- [TASK]: Set the pictures aside and write down, exactly as they appear, the lines from the one containing "Peter Millar Vancouver" through the end of the material.

** Opening SOURCE DATA block **

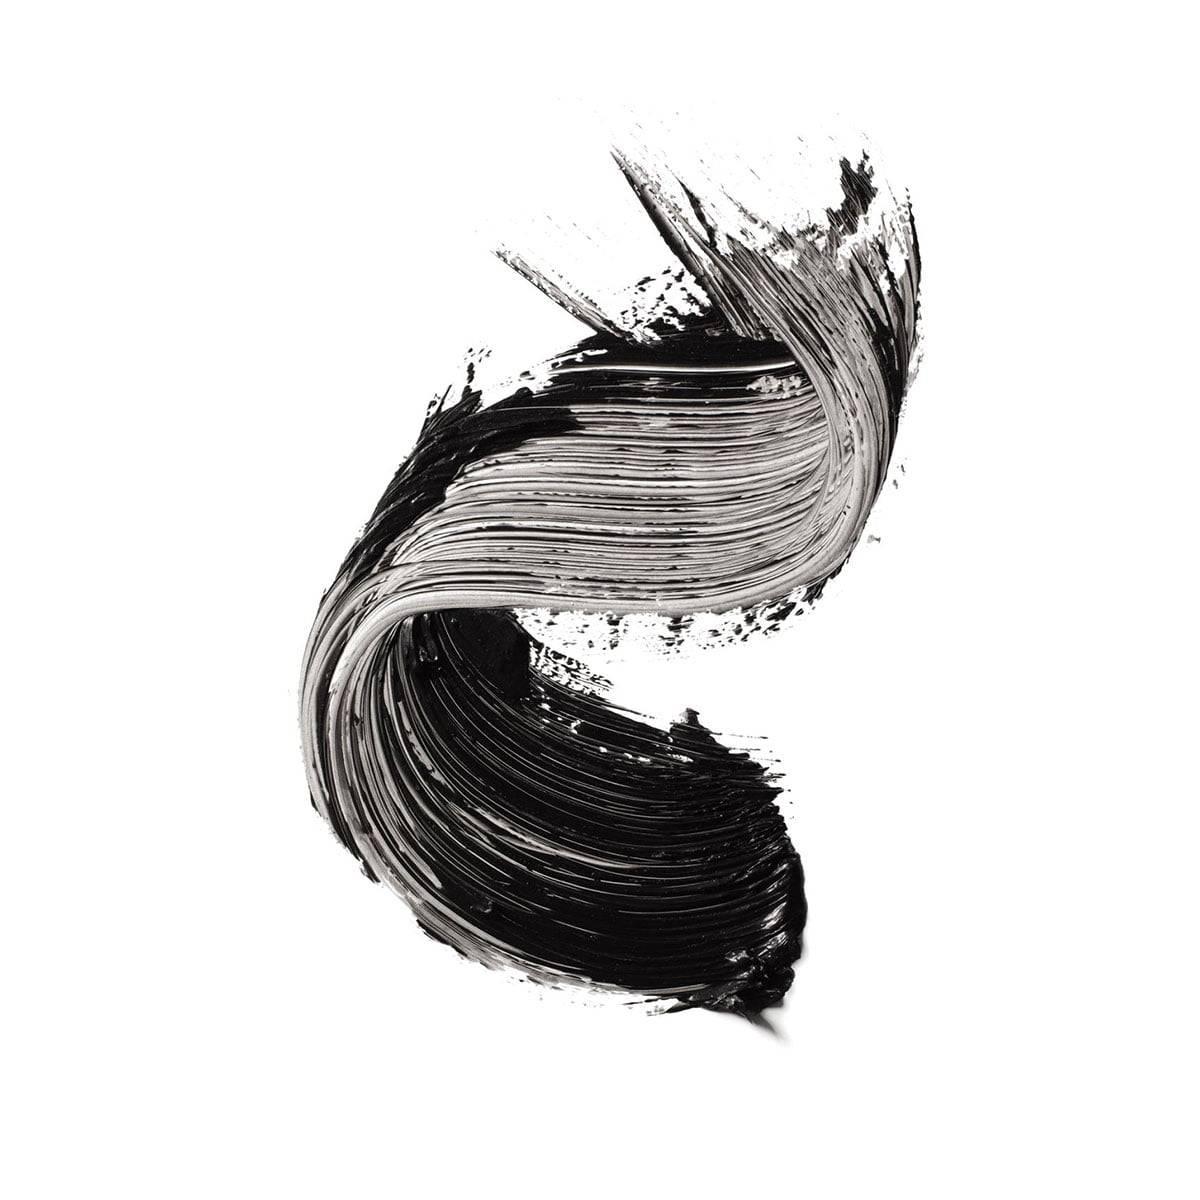 La Roche Posay Känslig Toleriane Make up WATERPROOF_MASCARA_Black 33
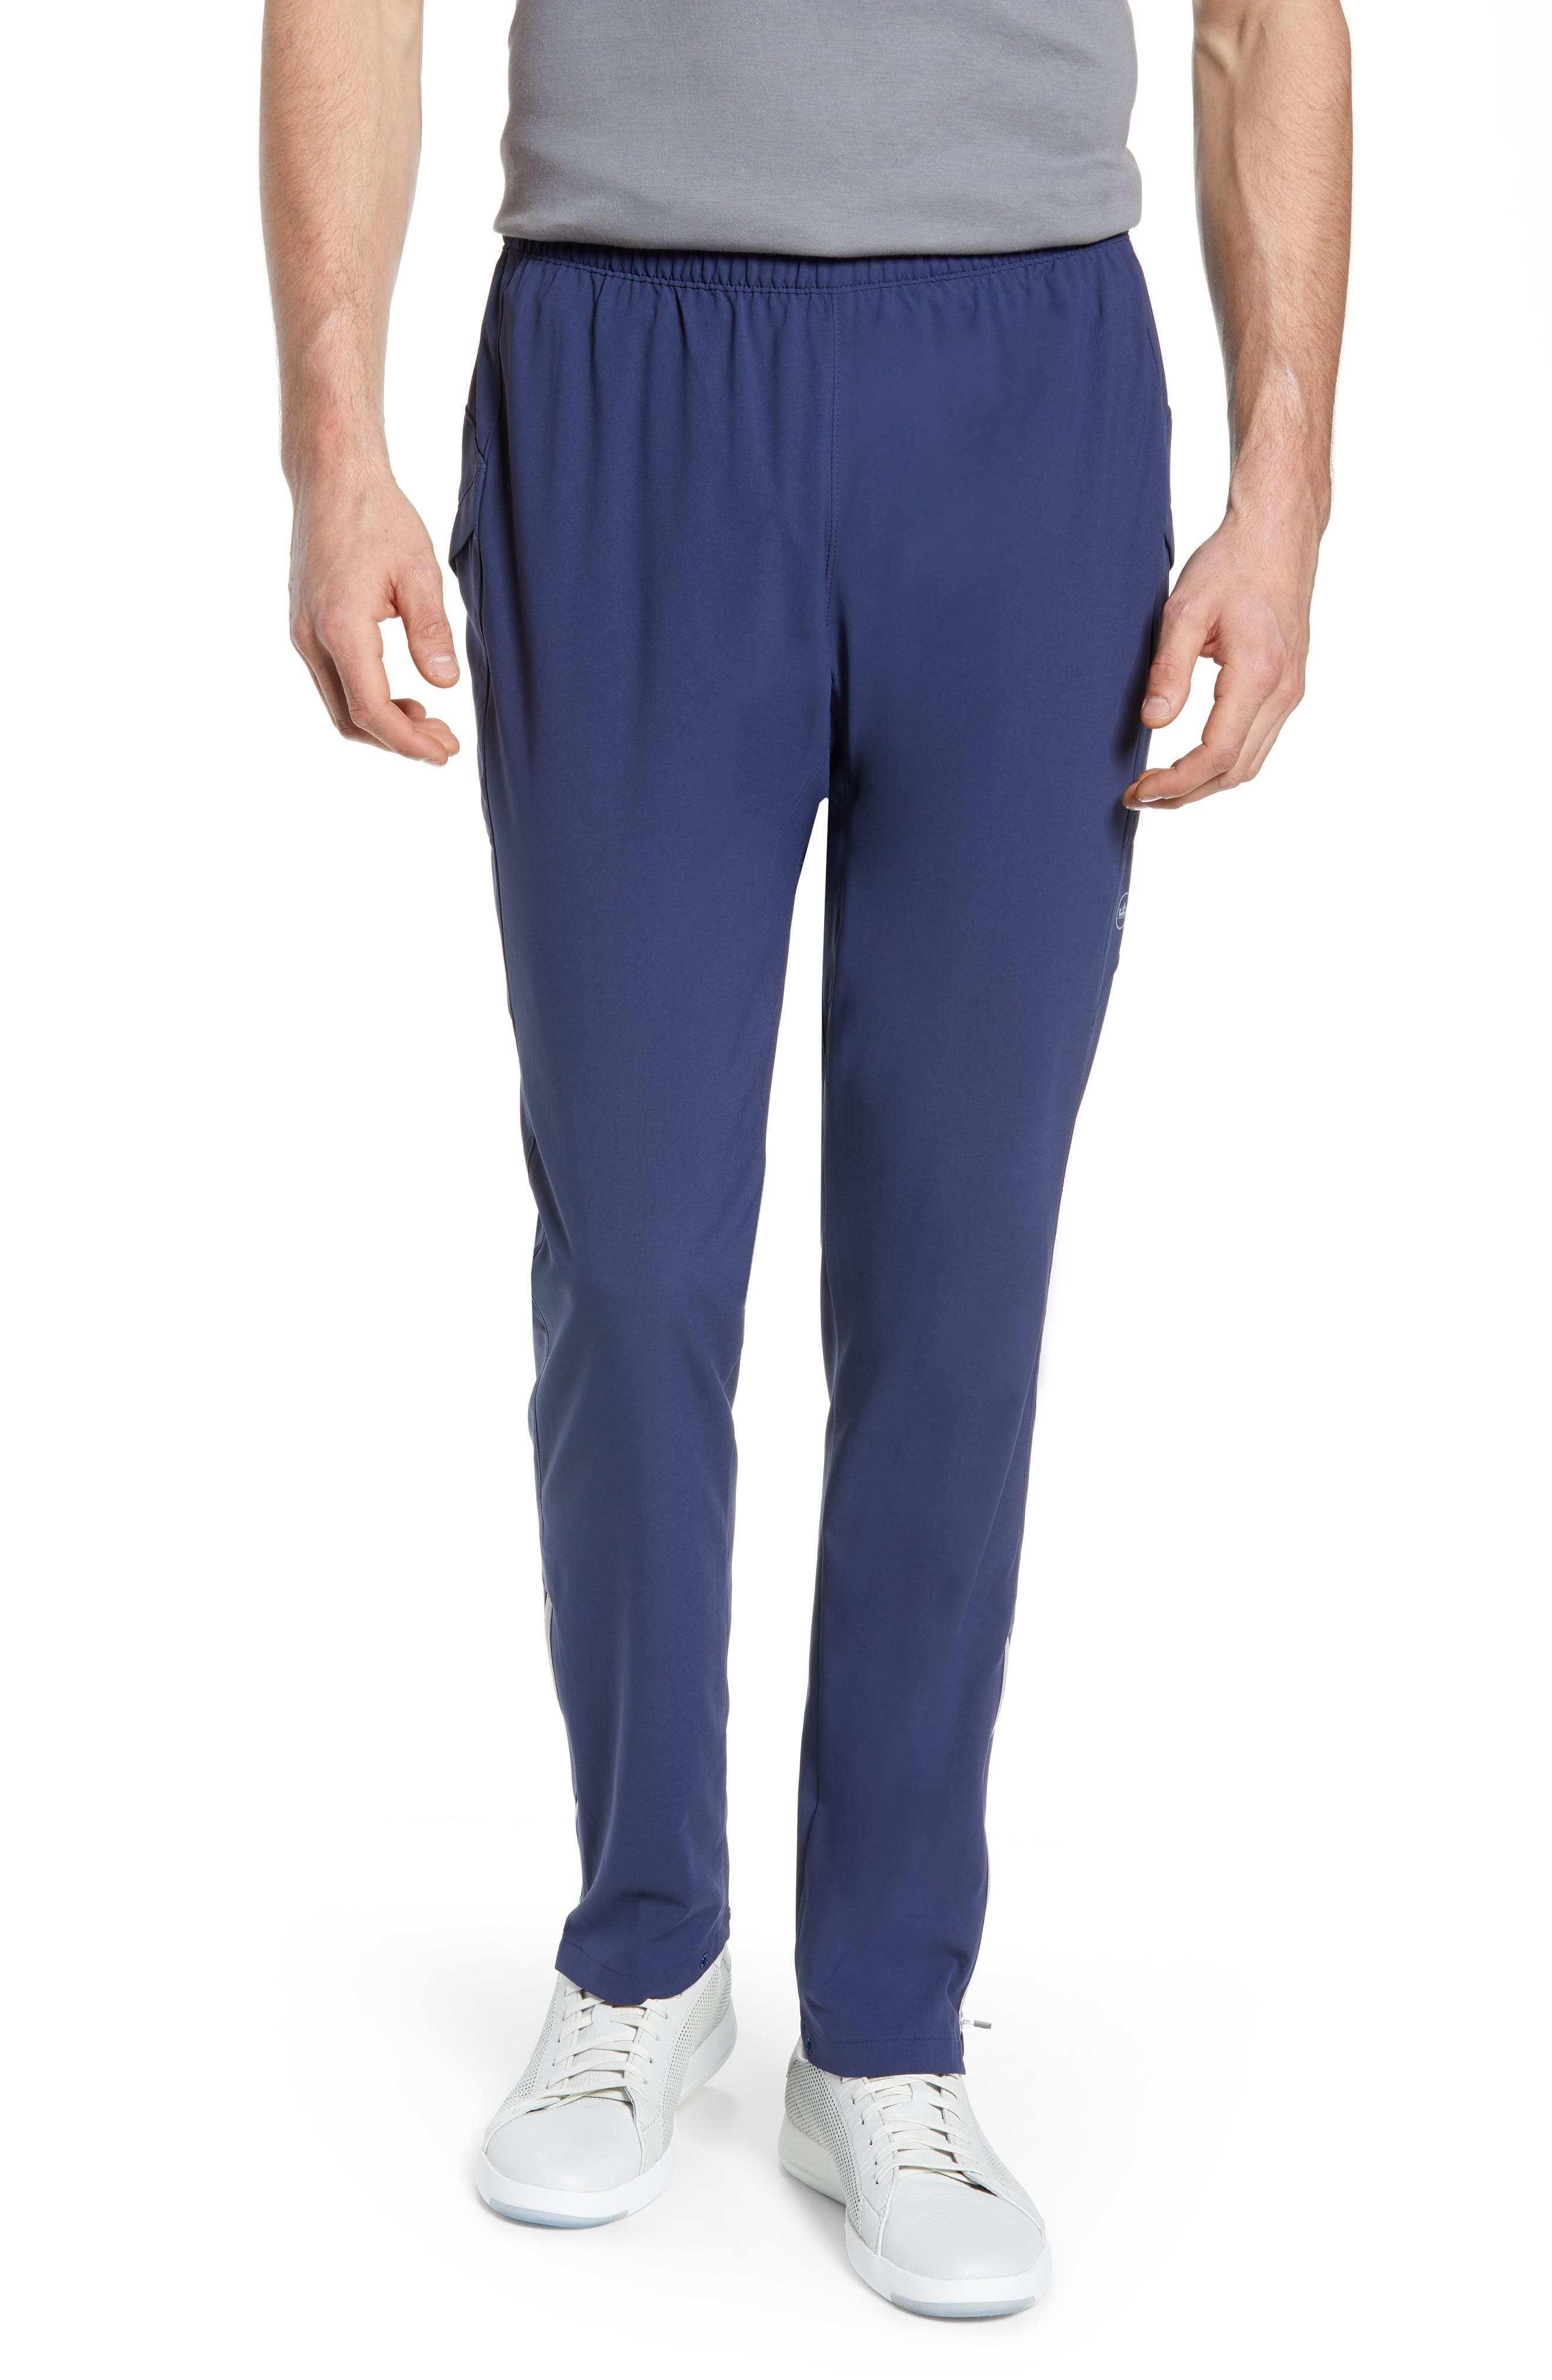 Peter Millar Vancouver Action Training Pants, Blue
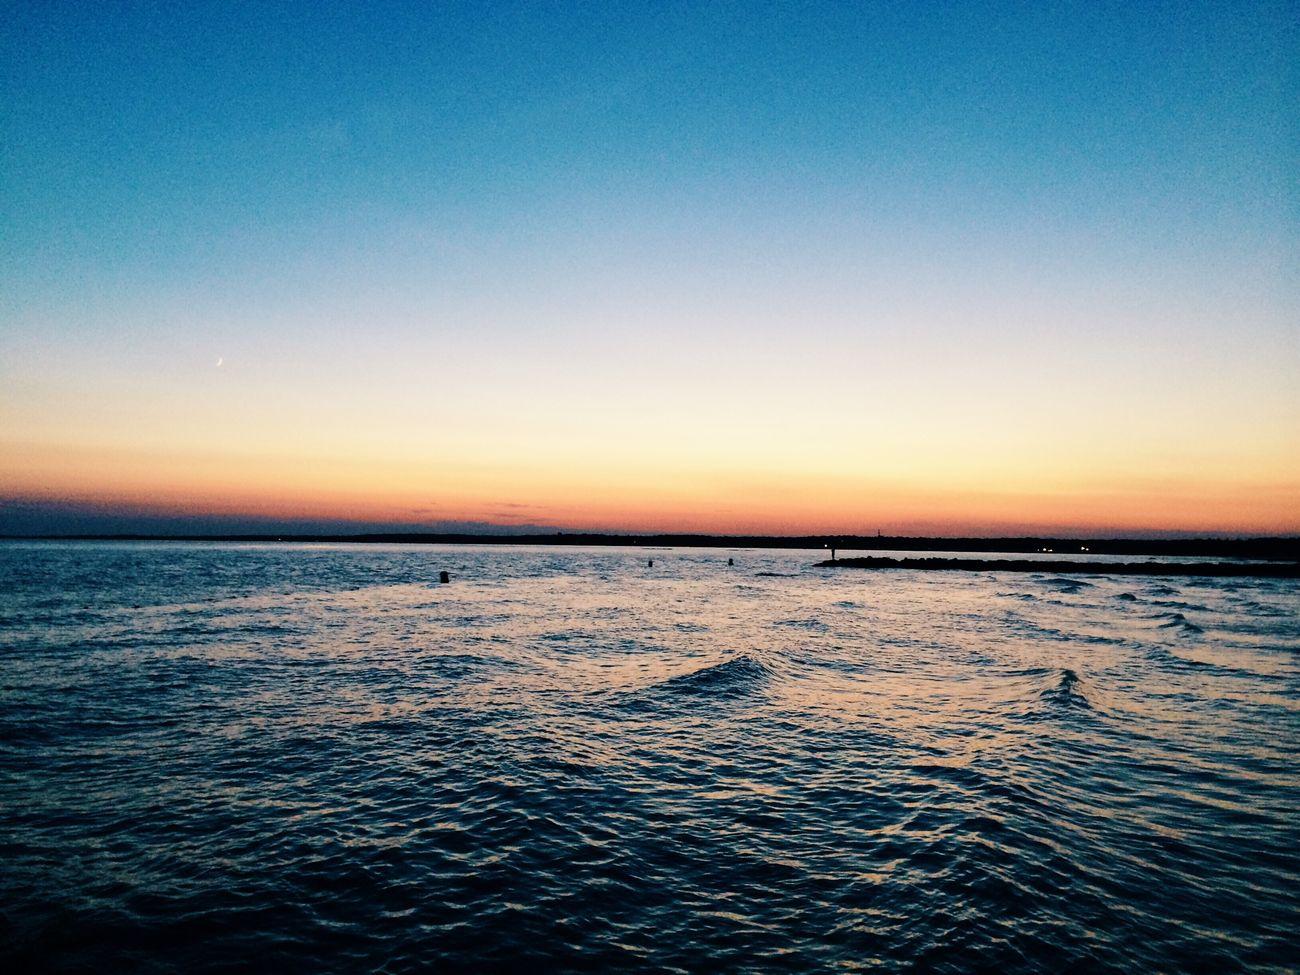 Sunset Silhouettes First Eyeem Photo
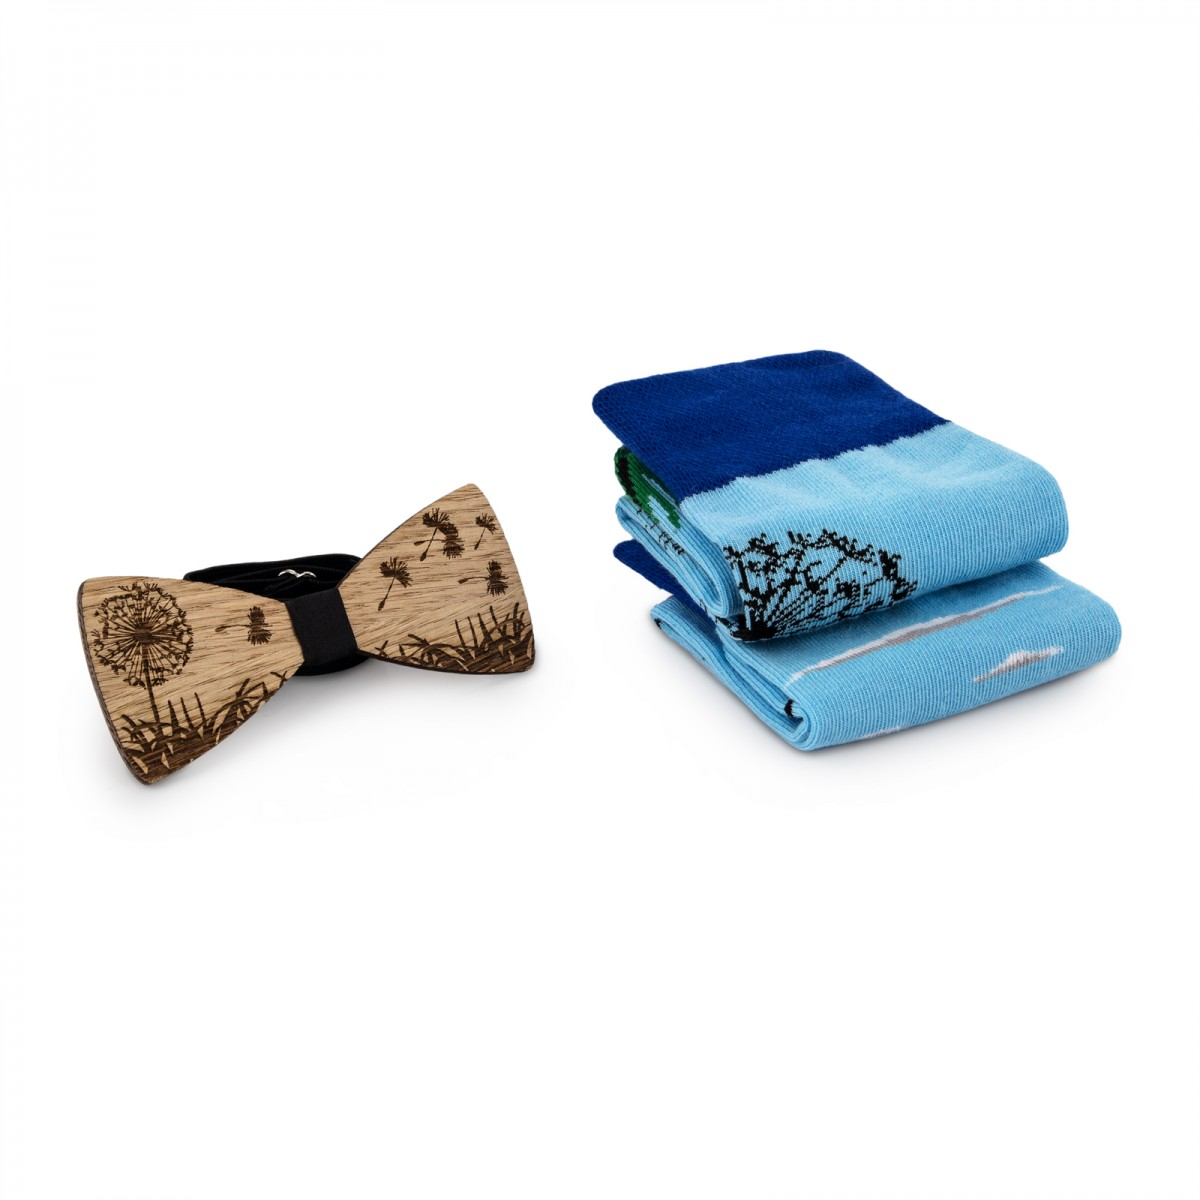 Skarpety i drewniana mucha - zestaw - model Dmuchawiec

** Closing SOURCE DATA block **

- [SOLVED EXERCISE]:
 Peter Millar Vancouver Action Training Pants, Blue
 Sunset Silhouettes First Eyeem Photo
 Skarpety i drewniana mucha - zestaw - model Dmuchawiec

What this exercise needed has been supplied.